Pet Language

 I think when my family looks back on the pandemic, we will remember our pets the most.

We float around the house, afraid of too much contact. If we make too much contact we’ll rub each other the wrong way, and we MUST NOT DO THAT because we’re STUCK here in the same place, without access to face to face with anybody else on a regular basis.

We love each other. We don’t want to hurt each other.

So when we talk, we don’t talk about our FEELINGS or our WORRIES or even politics. Mate and I talk politics– we know that if we have a disagreement we can explain to the other one and we’re generally of the same of thinking, so we know we can be candid. But my children were born in cancel culture–and Mate and I are afraid of being cancelled. Not now, when everyone’s so fragile. Not now when they might really need us in spite of our dunderheaded slowness in adjusting to social media progressive values. So we don’t talk politics to the teenagers unless they talk about it first. We don’t tell the teenagers when something they do or say hurts our feelings, cuts us to the bone. 

We don’t get feelings in a pandemic. We don’t get to go find a friend and pour our hearts out over the phone–what if the teenagers can hear us?

We must be accessible at all times. 

And Goddess–everything else is so forbidden.

We have to find something to talk about.

We study our pets like bibles. 

“Your cat was such a freak!”

“Well, Mom, if you didn’t want him to be a freak you shouldn’t have spoiled him rotten!”

And unspoken in that is the reply, “I have nothing to offer you, my child.

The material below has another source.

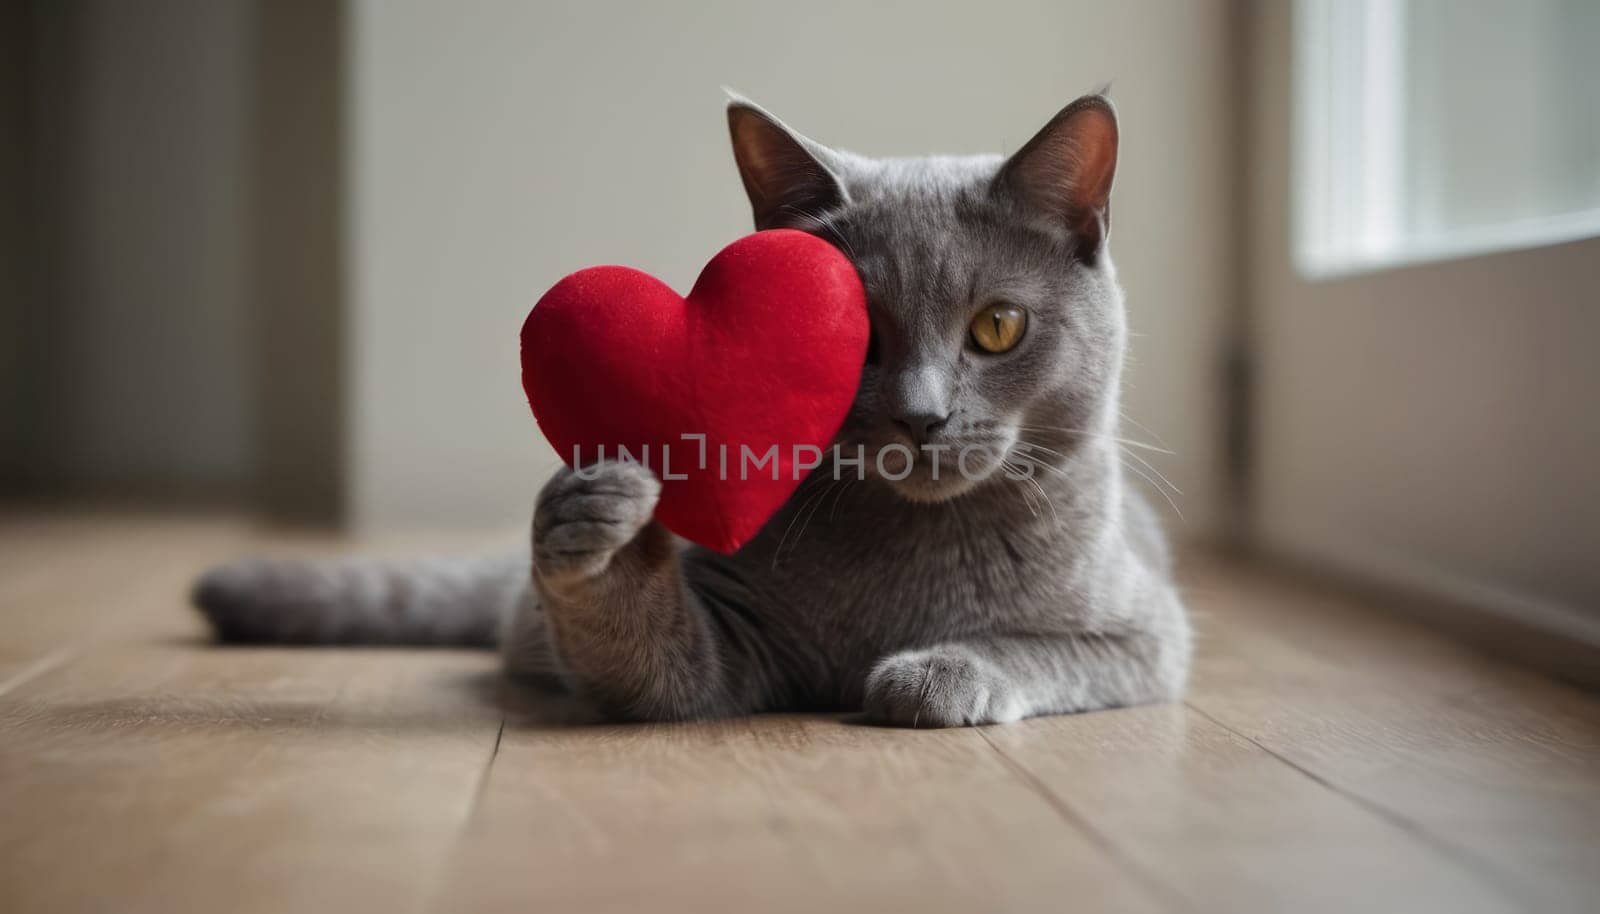 Grey Cat Holding Red Heart-shaped Object” by Andre1ns

Your cat gets the best white trash soft food money can buy.”

“How does it feel, Mom, to know the dogs worship your?”

“Well, I am a goddess!”

And the unspoken part is still there. “I can’t disappoint them. Food, naps, walks–I know the key to their behavior. I’ll do that forever, because the dogs I can make happy, but for you, my baby, I am at a loss.”

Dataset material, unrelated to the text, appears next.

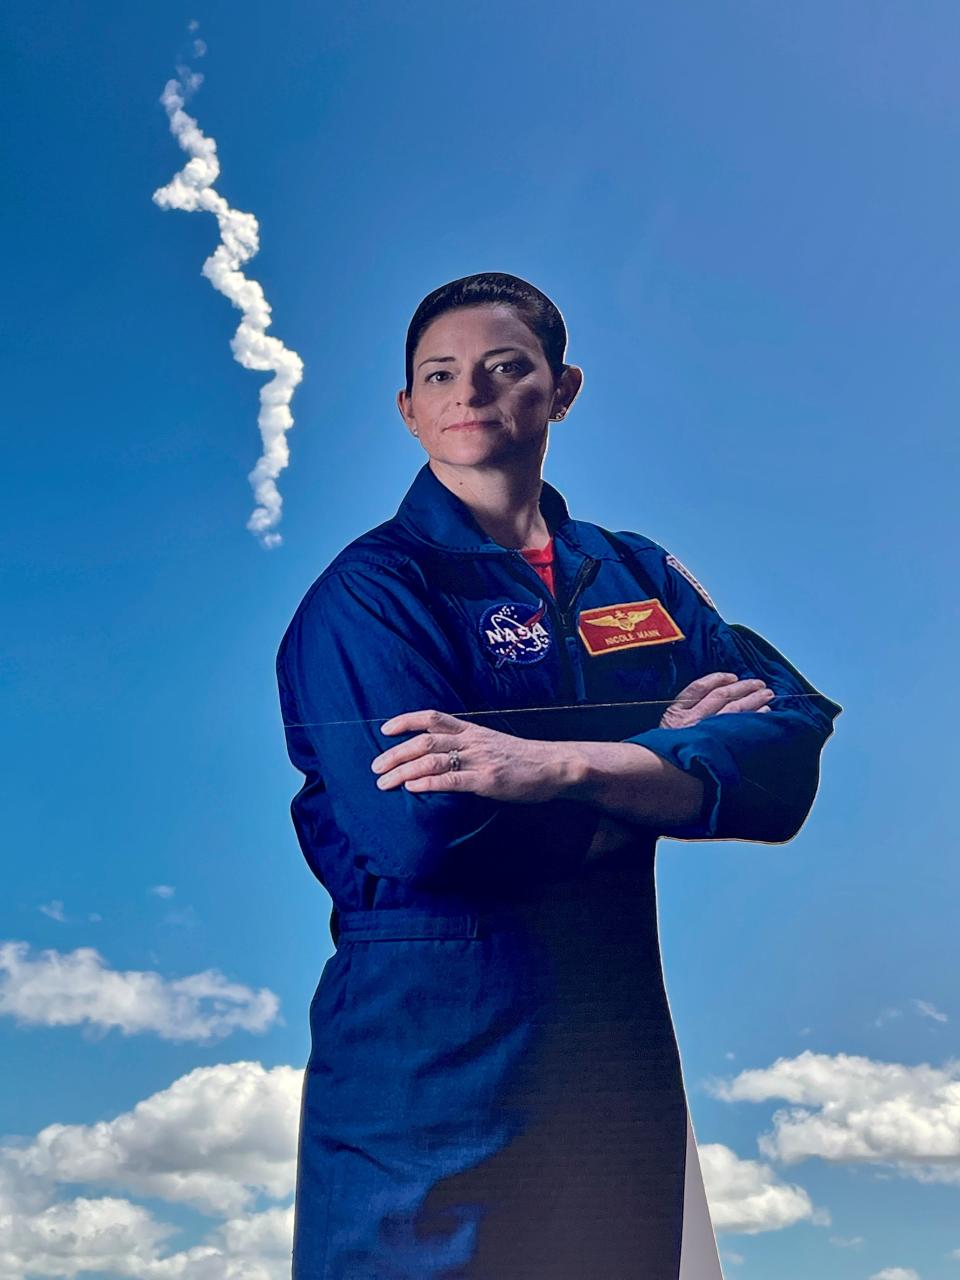 Crew-5's SpaceX Falcon 9 rocket exhaust plume swirls in the sky above a cardboard cutout of mission commander Nicole Mann during a Wednesday watch party at The Space Bar in Titusville.

And our glimmer of hope is that, now that everybody knows the pet language, when our children achieve adulthood, it is still there. Our crutch, our touchstone, our way to be a family when the things in our hearts are at their hardest.

“Mom, I can’t help it. I’m looking up French Bulldogs on the internet.”

“They’re hugely expensive!”

“I know.”

“And your apartment may be able to take another cat, but it can’t take another dog.”

“I know.”

And I think, “Maybe, my darling, it’s too soon. Maybe your heart can’t take another cat, and you’re looking at Frenchies for hope, but not for real.”

And my grown child says, “It’s too soon for me to get another cat. I think this is just taking up all my worry energy now that the other one has passed.”

And I cry in relief because in the middle of all the pet language, we have taught each other to say something real.